◆ SUPPLIED INFORMATION ◆
┄┄┄┄┄┄┄┄┄┄┄┄┄┄┄┄┄┄┄┄

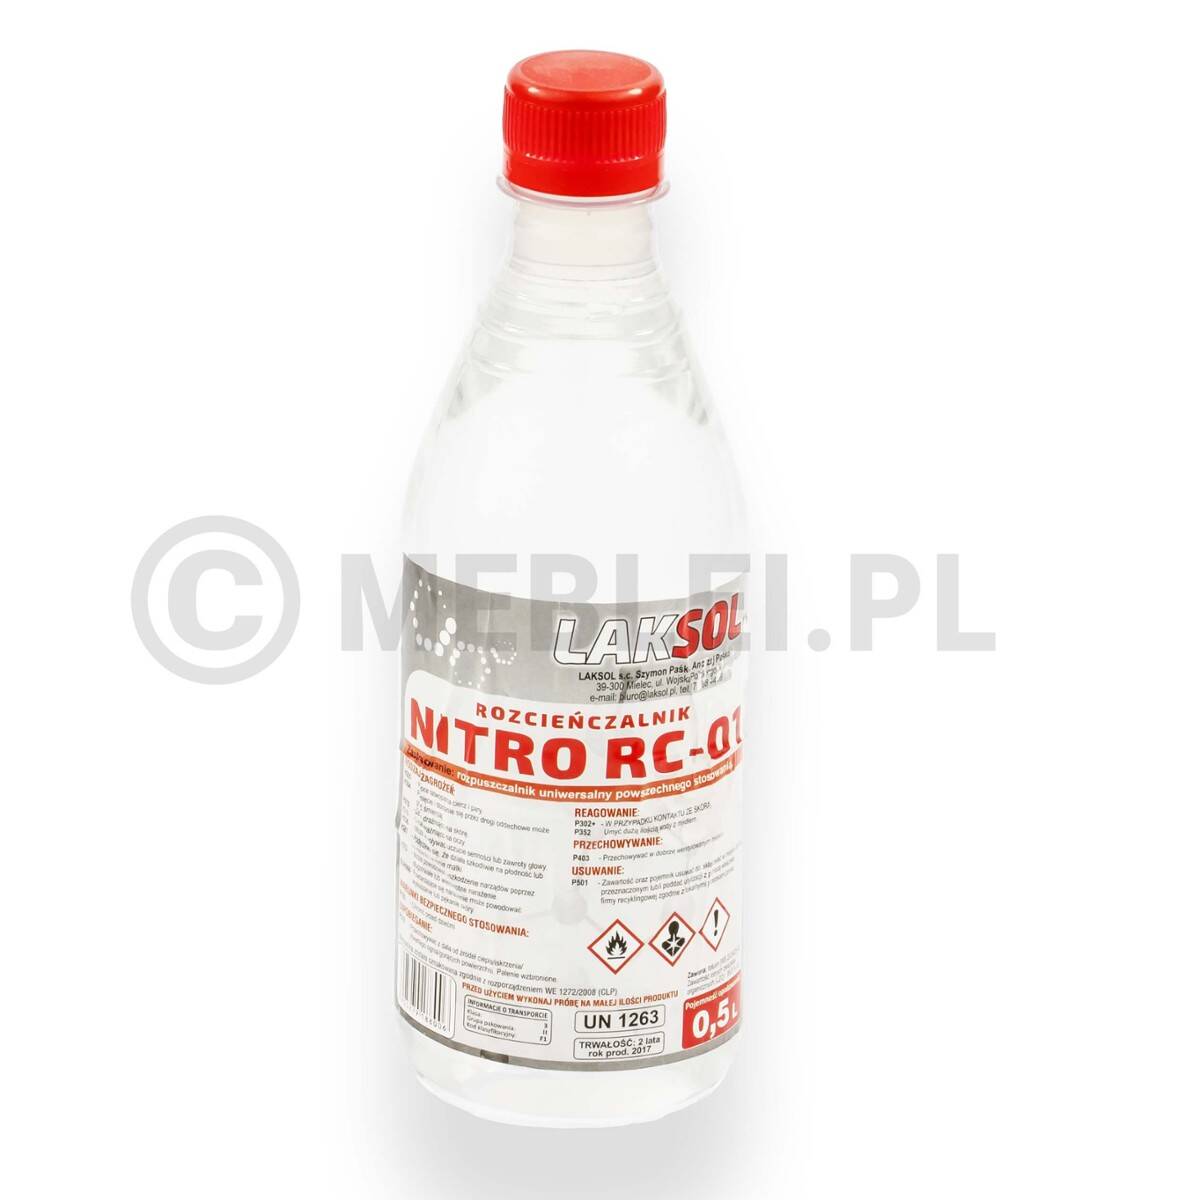 Rozcienczalnik nitro RC-01 0,5L
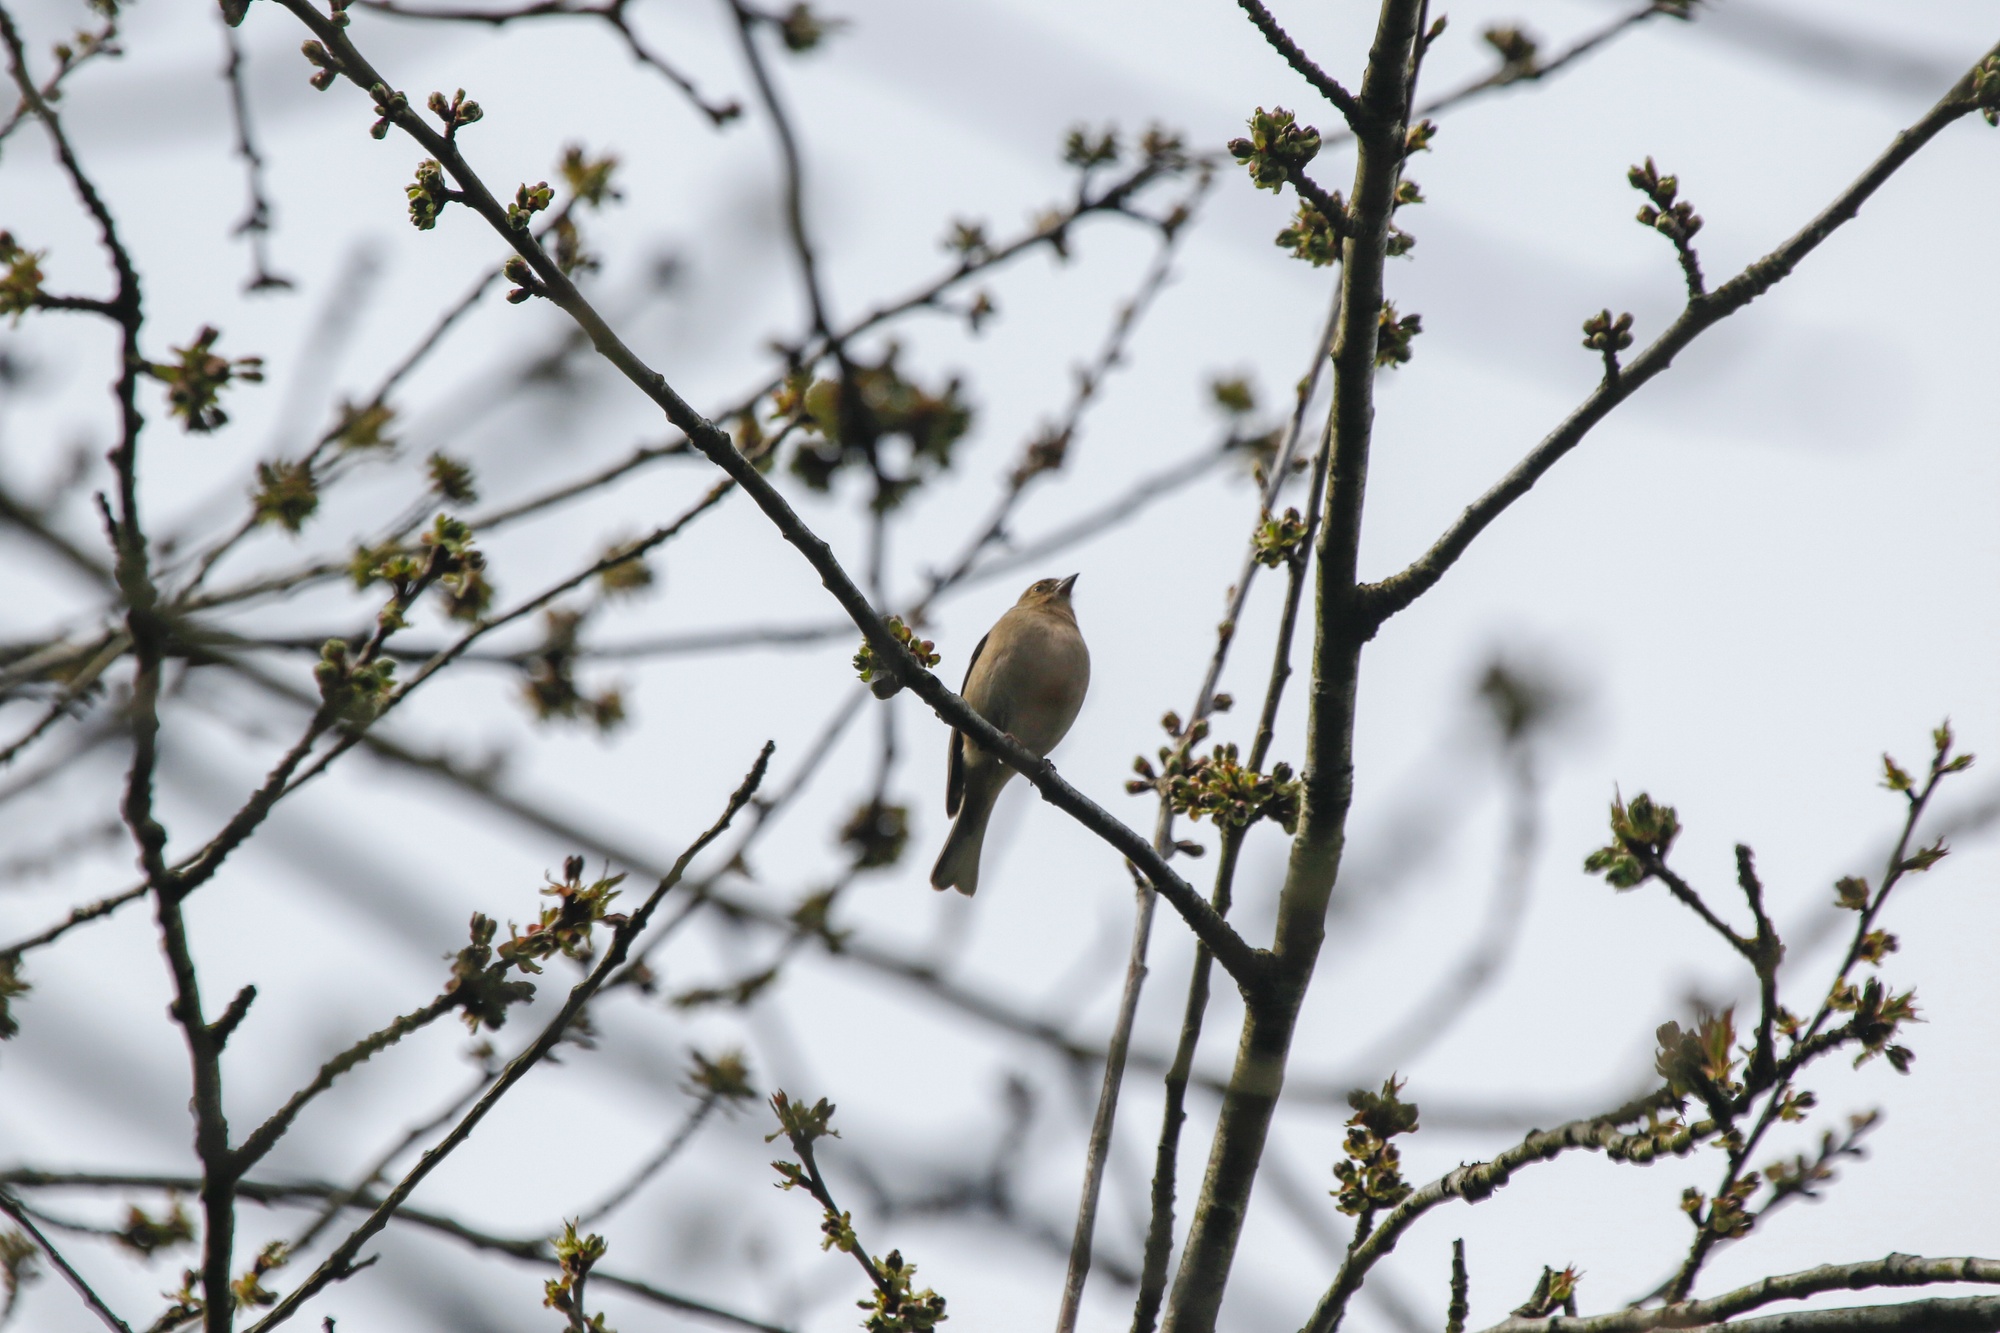 Warbler from below sitting on branch in tree
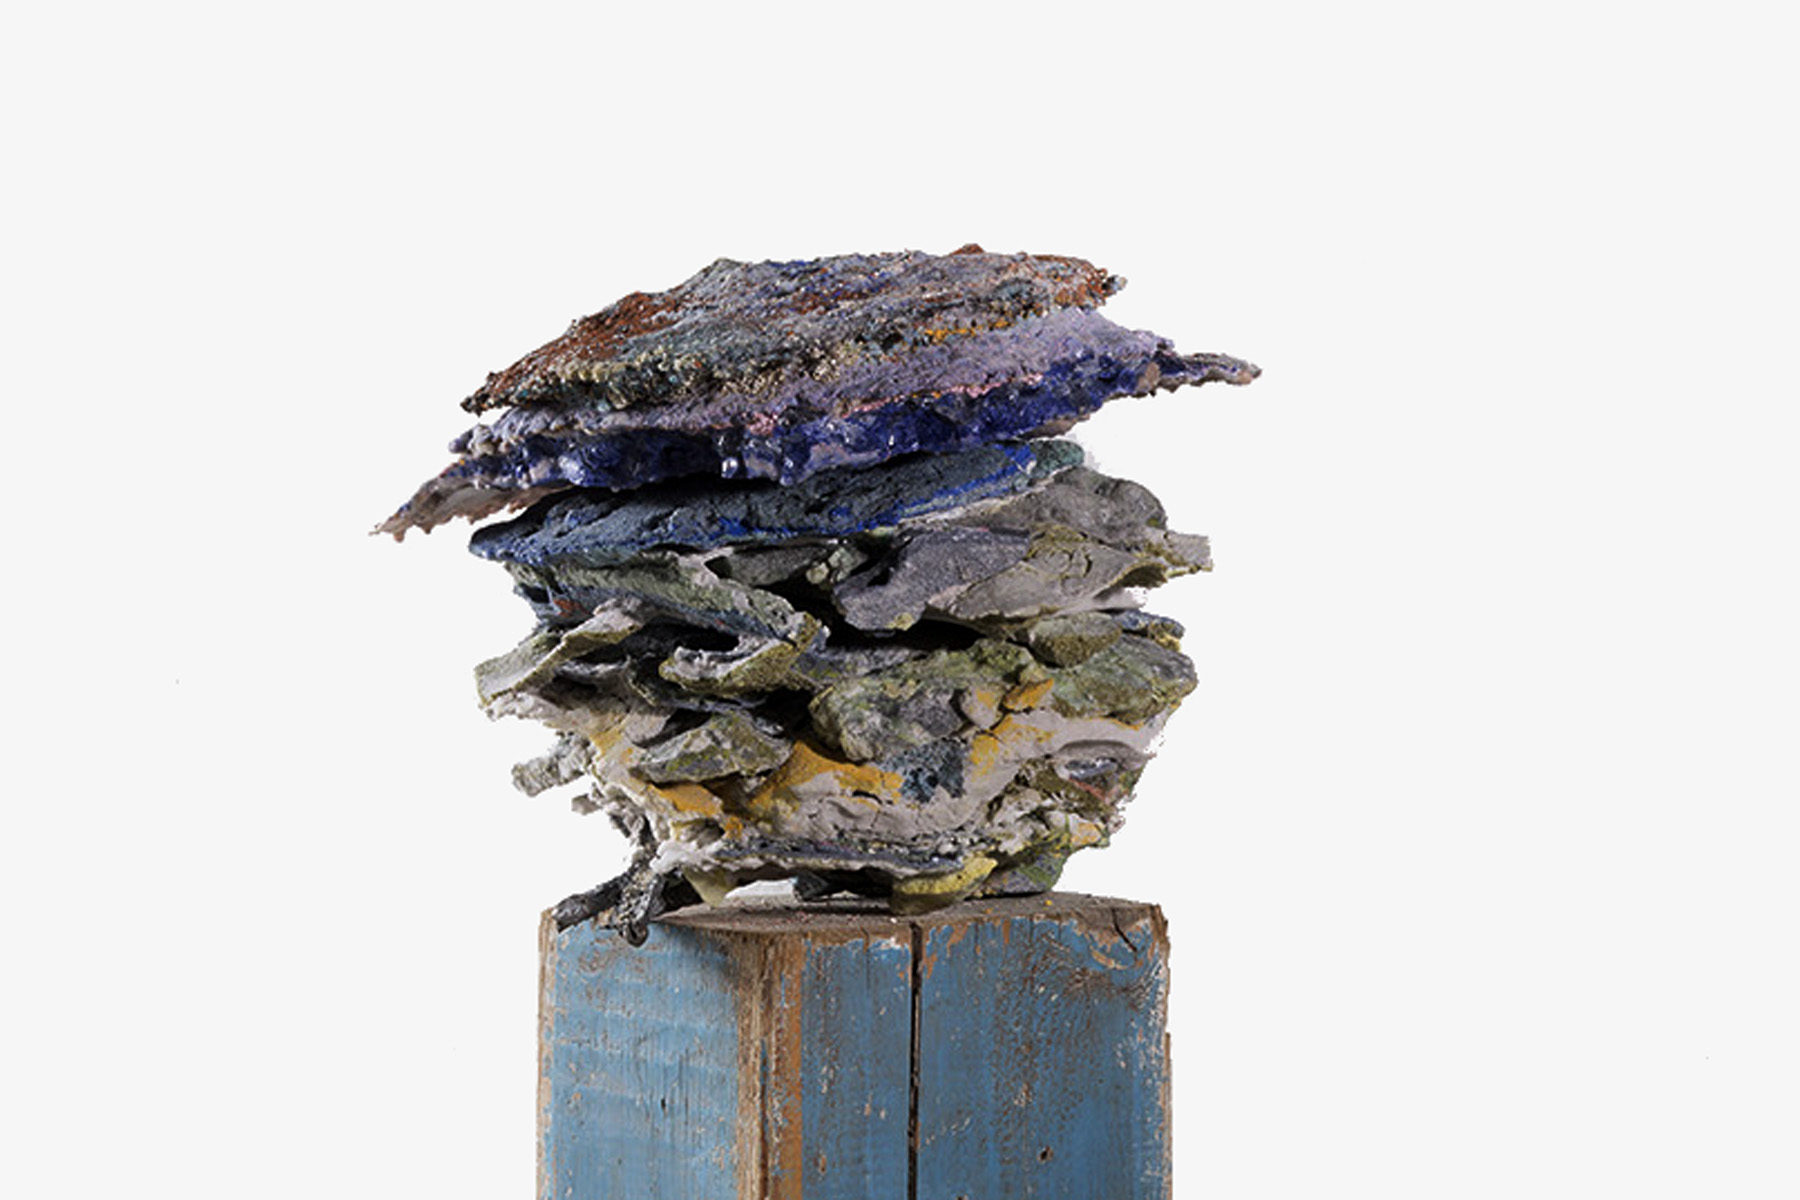 Alberto Scodro, Untitled Glasssand (Owl), 2015, sand, glass, pigments, oxids, epoxy resin, 35 x 45 x 3 cm

┄┄┄┄┄┄┄┄┄┄┄┄┄┄┄┄┄┄┄┄

Print every line above exactly as given, but not the pictures.

 Rozcienczalnik nitro RC-01 0,5L
 Warbler from below sitting on branch in tree
 Alberto Scodro, Untitled Glasssand (Owl), 2015, sand, glass, pigments, oxids, epoxy resin, 35 x 45 x 3 cm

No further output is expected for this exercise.